What needs to be done:
Without any pictures, print exactly the lines that run from the start of the data through the line containing "TALENCE Kleid in rot günstig kaufen".

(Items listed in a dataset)
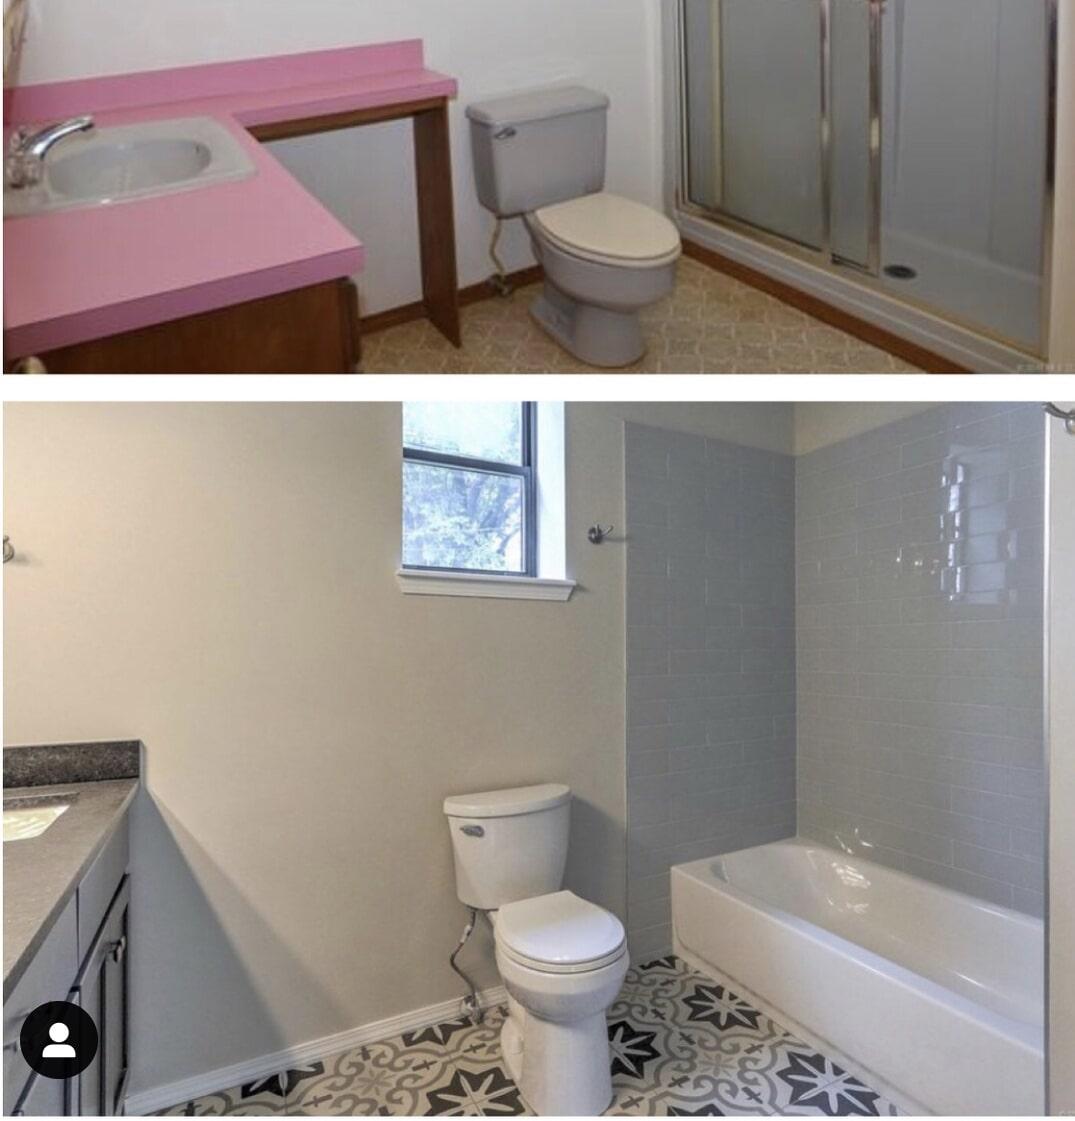 Bathroomm remodel in Bixby, OK from Superior Wood Floors & Tile
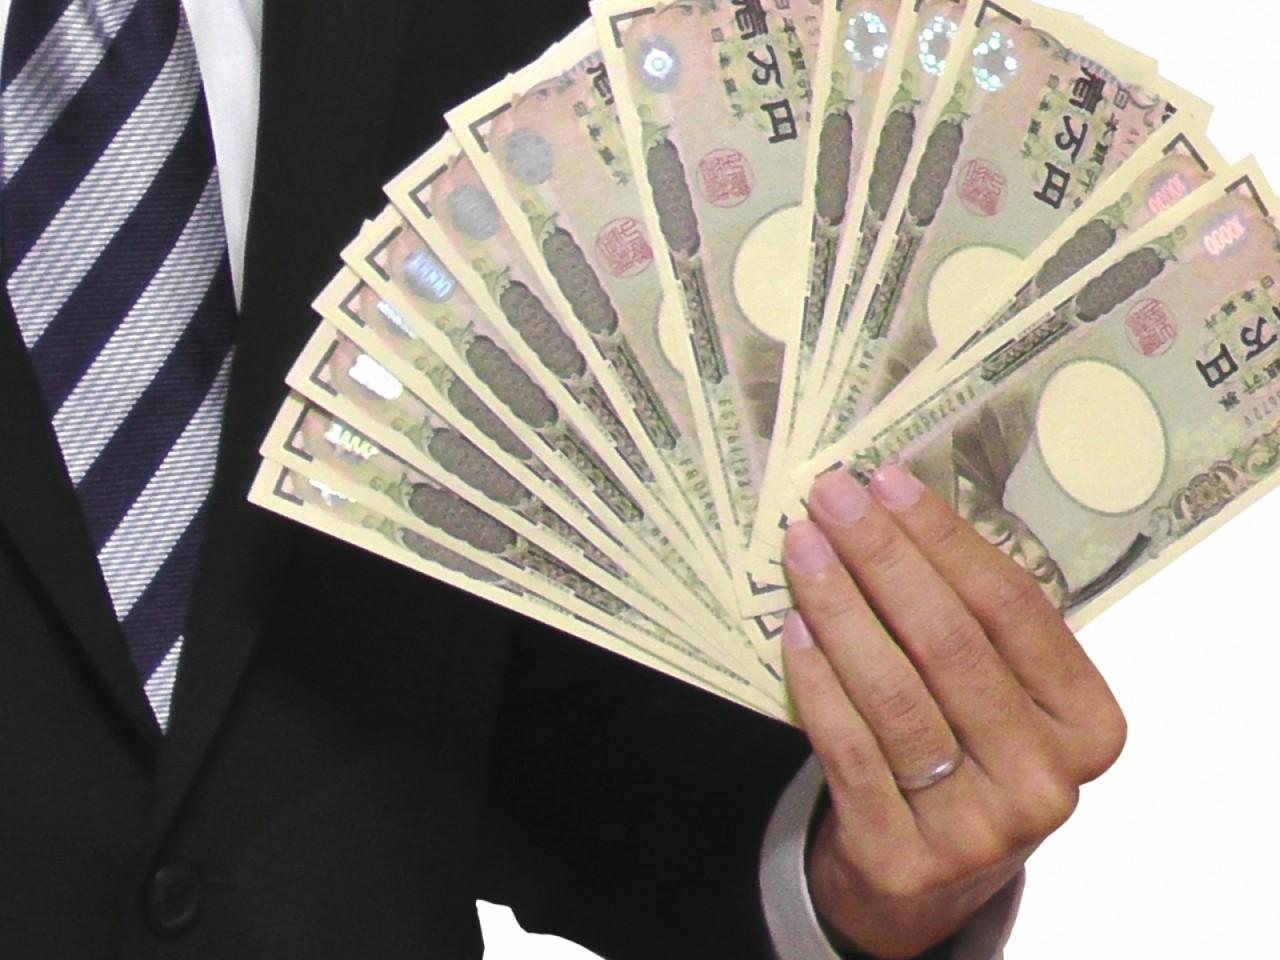 ทำงานที่ญี่ปุ่น ได้เงินเดือนเท่าไหร่!!!!
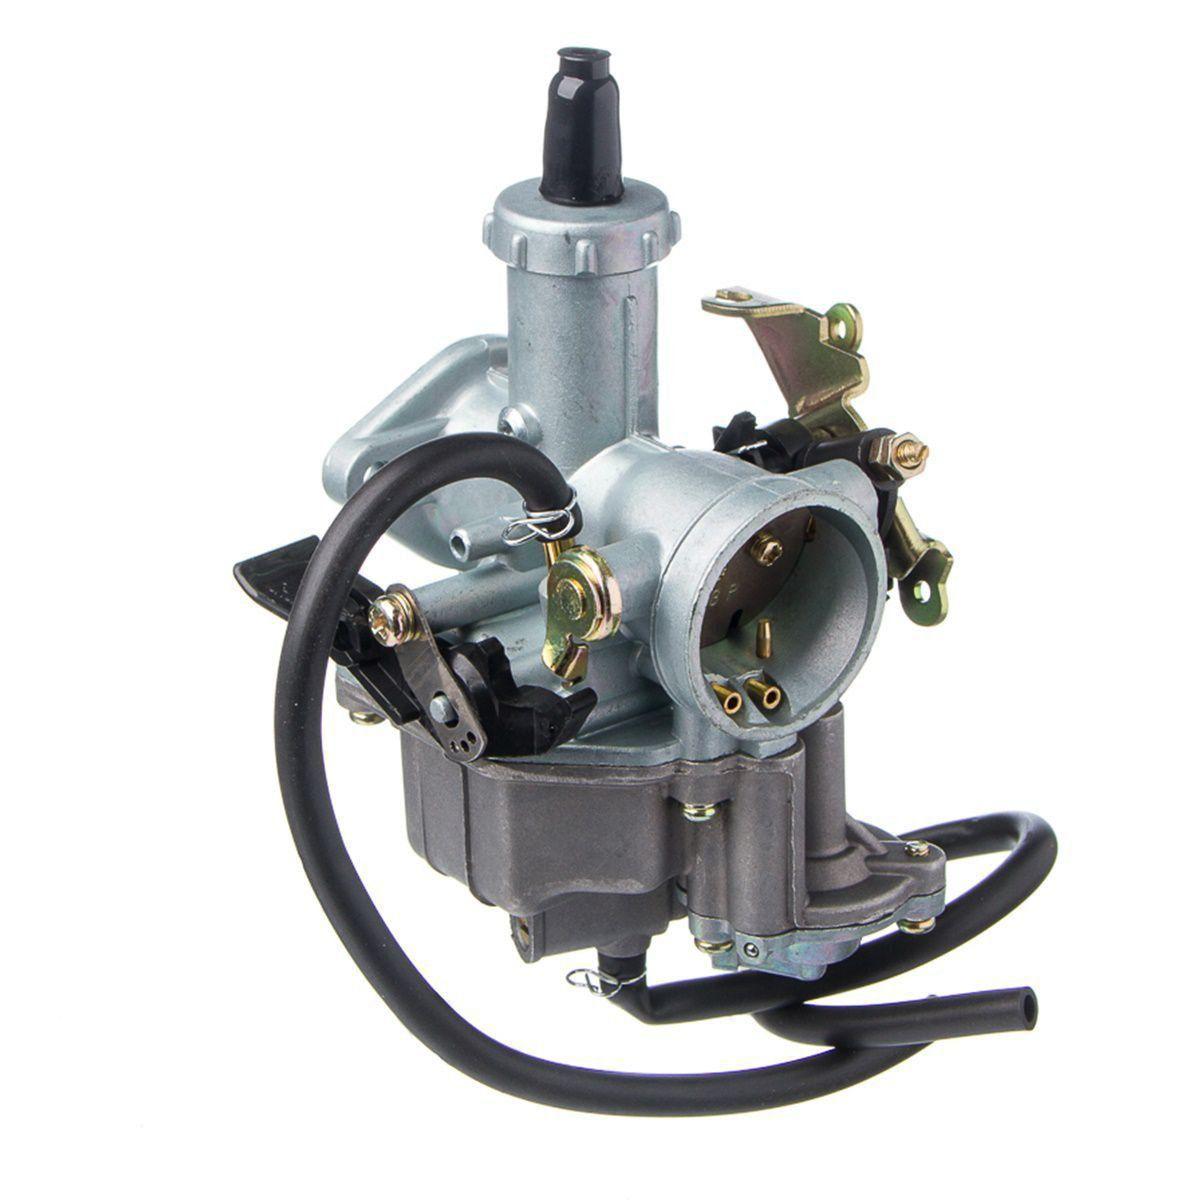 Carburador Completo Gp Cg 125 95 A 99
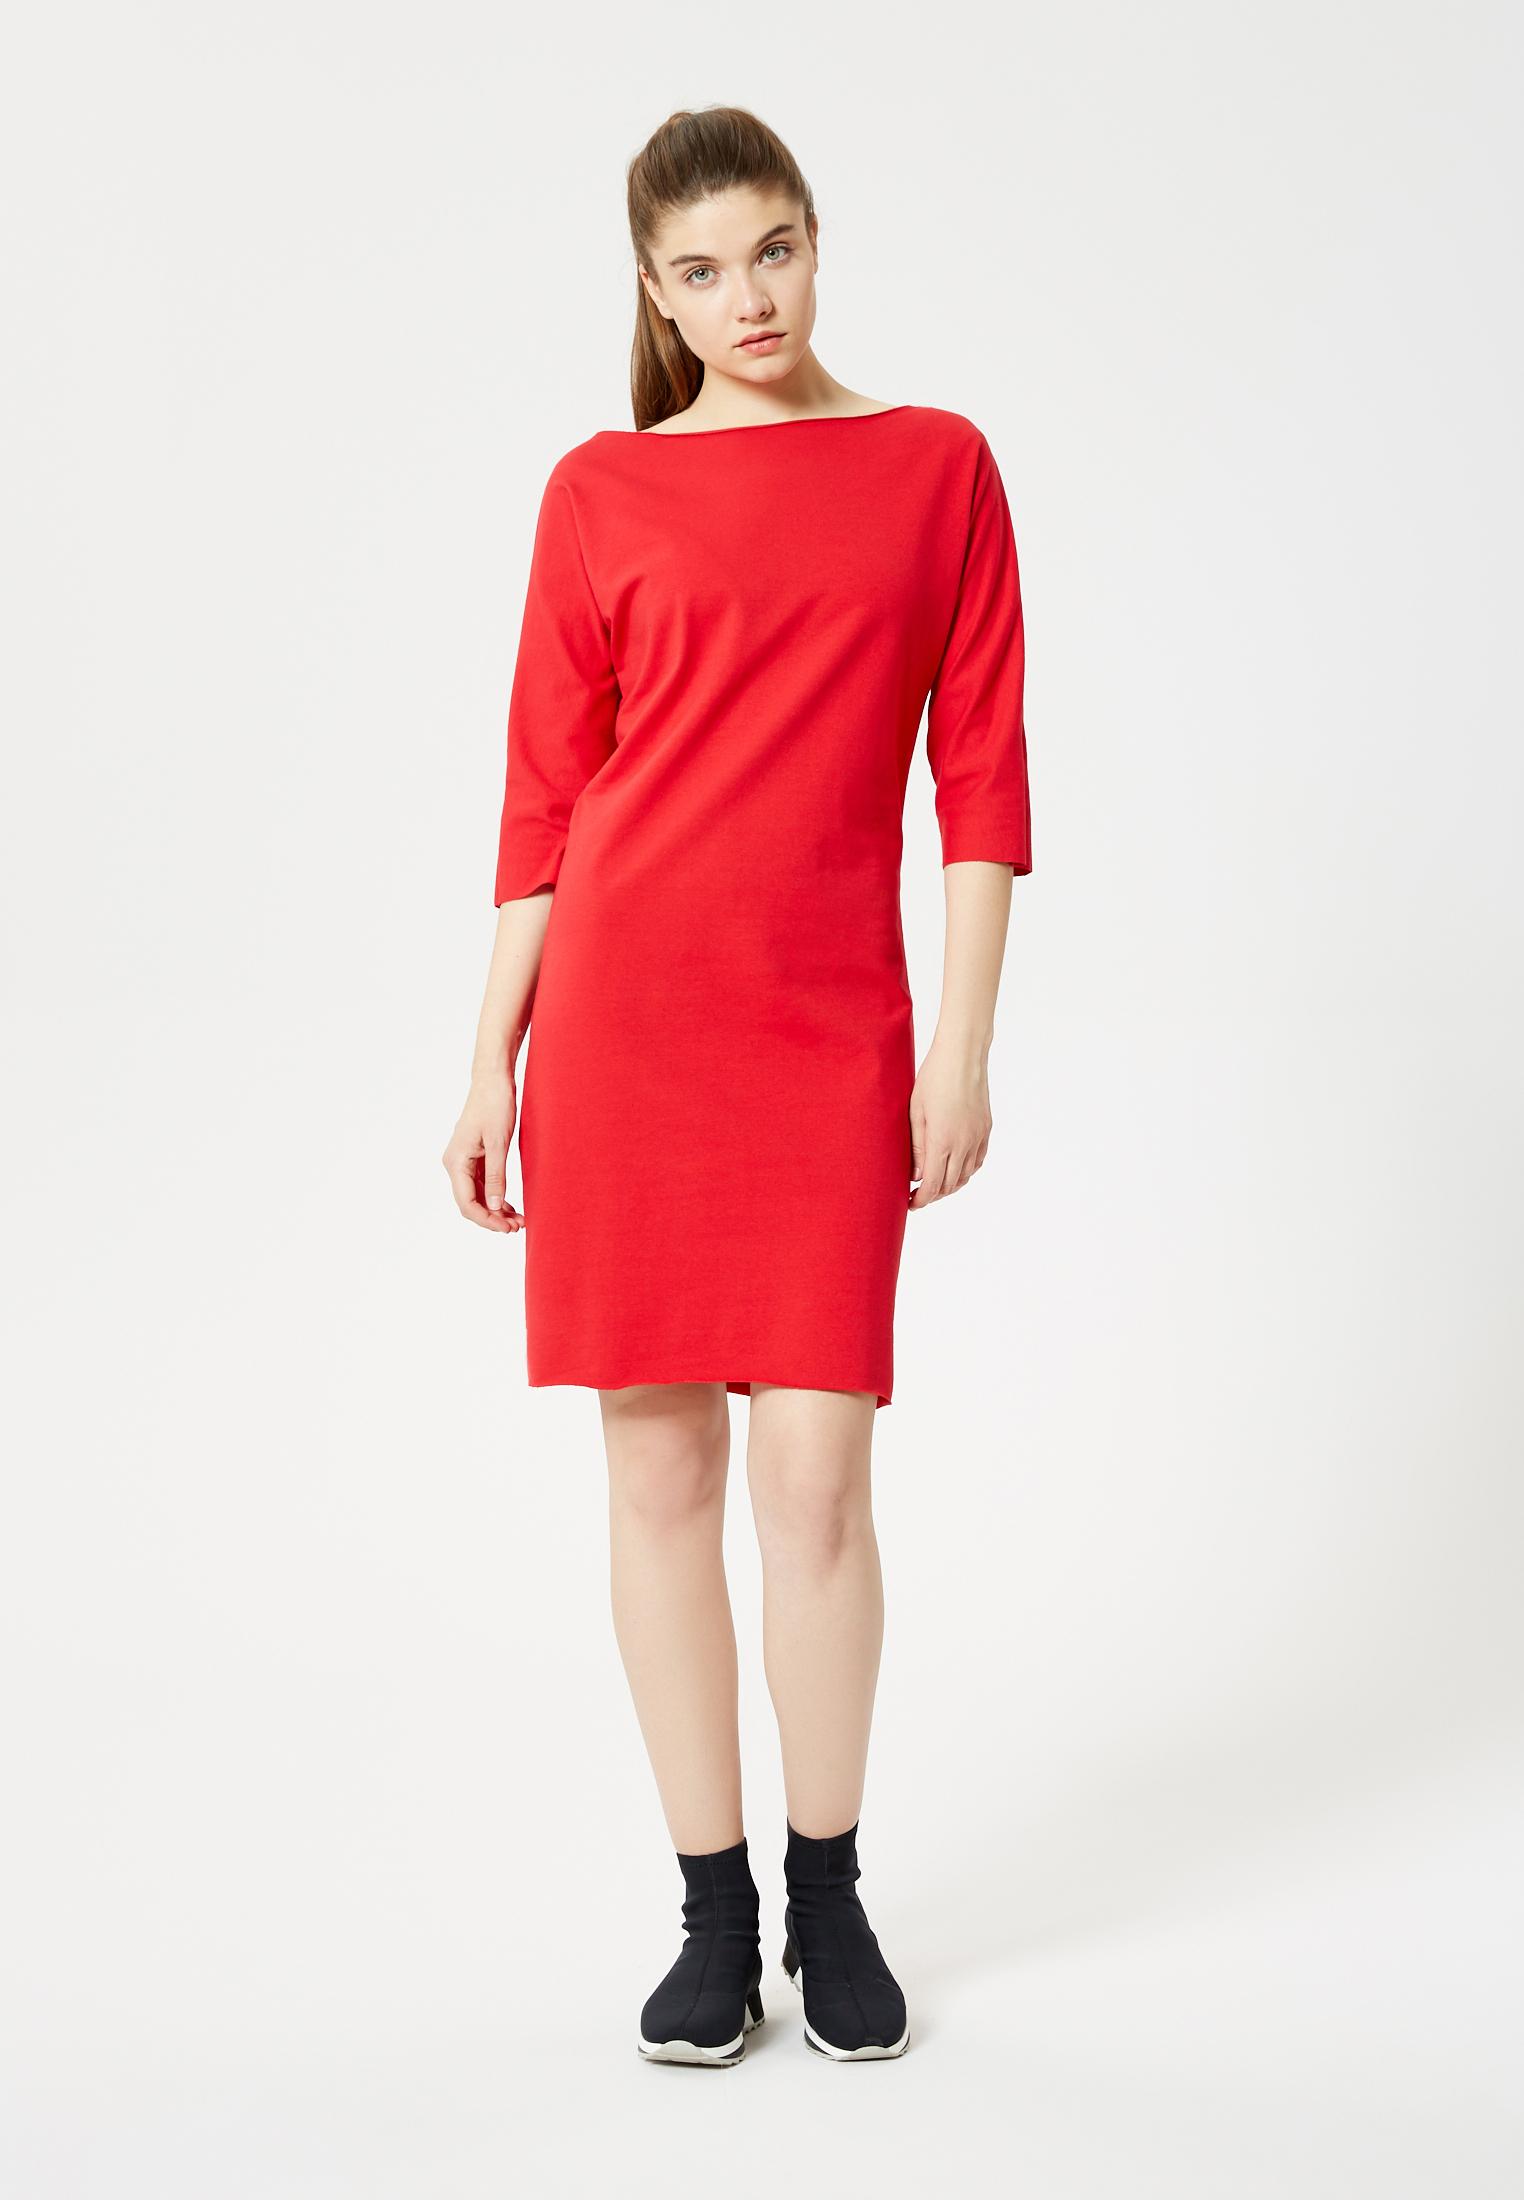 TALENCE Kleid in rot günstig kaufen
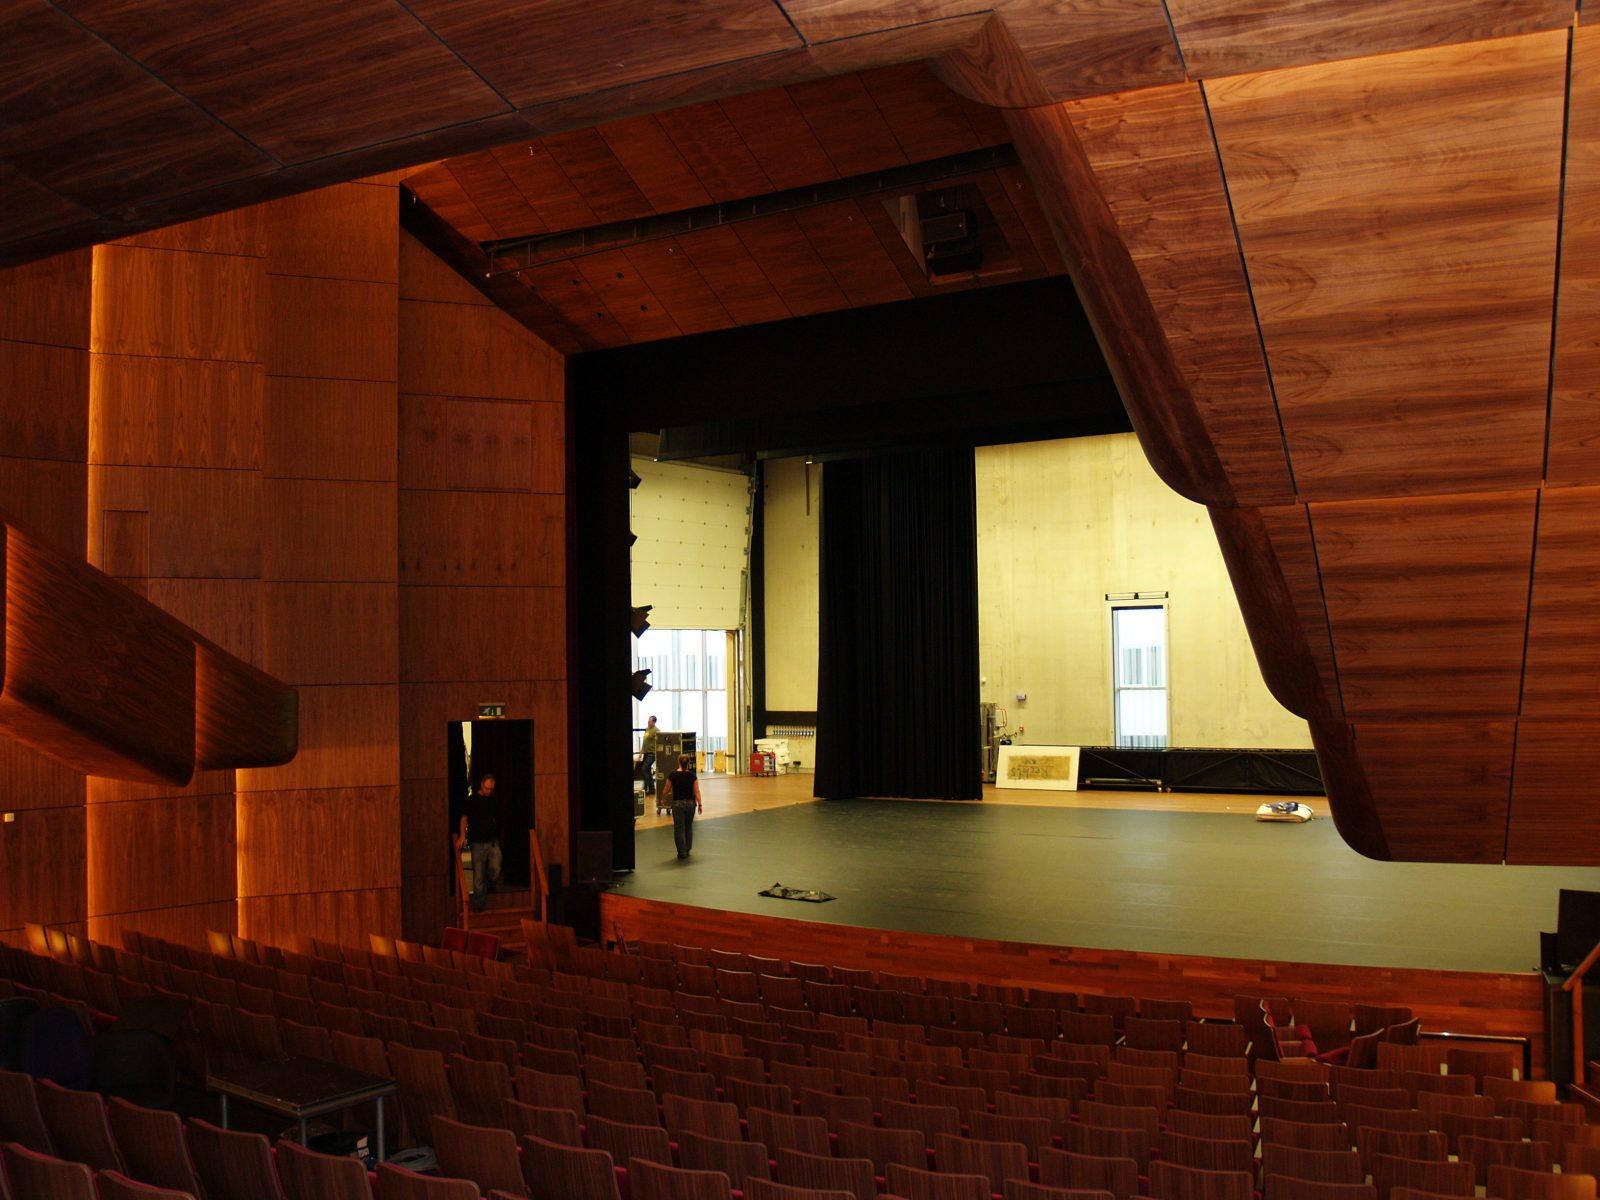 Sound insulating doors - Aesthetic doors - Protec Industrial Doors & City theatre - De Kom - acoustic doors - Protec Industrial Doors

Answer to this exercise:
 Bathroomm remodel in Bixby, OK from Superior Wood Floors & Tile
 ทำงานที่ญี่ปุ่น ได้เงินเดือนเท่าไหร่!!!!
 Carburador Completo Gp Cg 125 95 A 99
 TALENCE Kleid in rot günstig kaufen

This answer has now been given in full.